DATA SHOWN:

---+---

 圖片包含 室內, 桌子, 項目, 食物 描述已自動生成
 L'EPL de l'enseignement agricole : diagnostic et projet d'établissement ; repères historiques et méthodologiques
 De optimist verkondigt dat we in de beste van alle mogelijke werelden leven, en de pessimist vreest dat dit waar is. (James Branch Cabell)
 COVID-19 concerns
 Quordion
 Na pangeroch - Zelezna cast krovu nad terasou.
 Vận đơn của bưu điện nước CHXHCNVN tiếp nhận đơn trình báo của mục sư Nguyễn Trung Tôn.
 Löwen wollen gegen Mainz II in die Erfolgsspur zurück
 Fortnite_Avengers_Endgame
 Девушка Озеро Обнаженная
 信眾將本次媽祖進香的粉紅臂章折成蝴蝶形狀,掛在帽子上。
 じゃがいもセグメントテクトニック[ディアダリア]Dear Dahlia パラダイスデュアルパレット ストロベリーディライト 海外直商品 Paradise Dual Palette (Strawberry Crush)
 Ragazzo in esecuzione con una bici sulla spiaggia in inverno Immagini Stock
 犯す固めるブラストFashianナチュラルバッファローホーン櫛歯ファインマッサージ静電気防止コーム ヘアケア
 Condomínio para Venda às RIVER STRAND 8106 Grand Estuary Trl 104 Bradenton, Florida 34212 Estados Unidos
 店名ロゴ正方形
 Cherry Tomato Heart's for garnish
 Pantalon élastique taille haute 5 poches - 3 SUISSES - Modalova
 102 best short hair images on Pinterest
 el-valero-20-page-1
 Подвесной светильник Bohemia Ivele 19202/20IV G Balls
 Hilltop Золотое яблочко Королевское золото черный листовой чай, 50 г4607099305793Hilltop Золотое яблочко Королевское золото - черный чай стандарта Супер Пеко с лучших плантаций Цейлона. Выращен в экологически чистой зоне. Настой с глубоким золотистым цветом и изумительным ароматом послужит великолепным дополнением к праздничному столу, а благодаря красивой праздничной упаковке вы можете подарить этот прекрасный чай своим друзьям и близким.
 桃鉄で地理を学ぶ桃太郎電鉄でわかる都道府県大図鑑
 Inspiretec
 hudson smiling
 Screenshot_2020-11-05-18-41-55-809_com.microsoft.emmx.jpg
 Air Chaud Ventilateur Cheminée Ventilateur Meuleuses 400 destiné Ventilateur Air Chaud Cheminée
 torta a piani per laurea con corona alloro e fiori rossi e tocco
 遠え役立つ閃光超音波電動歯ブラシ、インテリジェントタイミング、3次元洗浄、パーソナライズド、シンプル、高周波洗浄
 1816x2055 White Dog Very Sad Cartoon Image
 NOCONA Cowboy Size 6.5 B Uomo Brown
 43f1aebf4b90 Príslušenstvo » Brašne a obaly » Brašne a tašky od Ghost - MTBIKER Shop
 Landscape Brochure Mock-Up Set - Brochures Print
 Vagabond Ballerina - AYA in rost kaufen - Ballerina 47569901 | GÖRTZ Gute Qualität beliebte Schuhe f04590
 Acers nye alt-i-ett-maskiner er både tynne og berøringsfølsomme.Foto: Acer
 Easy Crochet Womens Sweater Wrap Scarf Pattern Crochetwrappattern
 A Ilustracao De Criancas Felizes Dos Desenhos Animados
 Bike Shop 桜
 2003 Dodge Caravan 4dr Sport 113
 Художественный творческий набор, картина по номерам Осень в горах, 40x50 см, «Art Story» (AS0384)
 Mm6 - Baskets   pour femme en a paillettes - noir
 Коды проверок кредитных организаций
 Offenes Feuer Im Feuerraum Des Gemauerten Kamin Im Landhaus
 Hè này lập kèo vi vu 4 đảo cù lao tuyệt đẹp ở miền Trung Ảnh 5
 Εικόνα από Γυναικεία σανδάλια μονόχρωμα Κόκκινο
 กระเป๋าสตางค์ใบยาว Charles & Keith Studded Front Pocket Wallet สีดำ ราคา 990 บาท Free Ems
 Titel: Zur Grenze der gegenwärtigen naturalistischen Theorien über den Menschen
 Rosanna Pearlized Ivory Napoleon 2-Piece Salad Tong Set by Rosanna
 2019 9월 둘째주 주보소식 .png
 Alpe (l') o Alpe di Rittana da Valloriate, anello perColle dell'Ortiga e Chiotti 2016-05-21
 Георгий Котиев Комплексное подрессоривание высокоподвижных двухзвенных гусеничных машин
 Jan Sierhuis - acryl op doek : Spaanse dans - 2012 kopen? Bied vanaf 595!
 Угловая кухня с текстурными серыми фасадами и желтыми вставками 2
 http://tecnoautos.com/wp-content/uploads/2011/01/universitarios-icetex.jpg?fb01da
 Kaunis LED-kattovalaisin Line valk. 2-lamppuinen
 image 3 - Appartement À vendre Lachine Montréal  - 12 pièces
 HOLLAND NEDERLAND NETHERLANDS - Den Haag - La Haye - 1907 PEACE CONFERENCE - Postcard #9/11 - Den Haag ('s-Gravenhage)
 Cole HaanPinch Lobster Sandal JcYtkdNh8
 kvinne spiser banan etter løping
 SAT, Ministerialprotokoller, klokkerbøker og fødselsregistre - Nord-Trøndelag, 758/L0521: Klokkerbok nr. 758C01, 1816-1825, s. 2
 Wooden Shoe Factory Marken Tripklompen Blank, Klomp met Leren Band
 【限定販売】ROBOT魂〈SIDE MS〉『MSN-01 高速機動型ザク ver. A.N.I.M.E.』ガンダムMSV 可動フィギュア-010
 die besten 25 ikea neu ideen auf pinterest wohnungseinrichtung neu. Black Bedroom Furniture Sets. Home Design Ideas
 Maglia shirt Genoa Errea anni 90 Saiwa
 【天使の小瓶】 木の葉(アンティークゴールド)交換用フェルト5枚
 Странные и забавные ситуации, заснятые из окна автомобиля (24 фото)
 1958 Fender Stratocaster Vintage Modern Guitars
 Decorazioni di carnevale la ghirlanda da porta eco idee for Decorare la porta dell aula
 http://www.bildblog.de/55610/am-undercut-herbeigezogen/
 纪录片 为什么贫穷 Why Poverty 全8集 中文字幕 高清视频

---+---

PROMPT:
Which of the lines above hold the string "dell"? Pick each of them out.

COMPLETED EXERCISE:
 Alpe (l') o Alpe di Rittana da Valloriate, anello perColle dell'Ortiga e Chiotti 2016-05-21
 Decorazioni di carnevale la ghirlanda da porta eco idee for Decorare la porta dell aula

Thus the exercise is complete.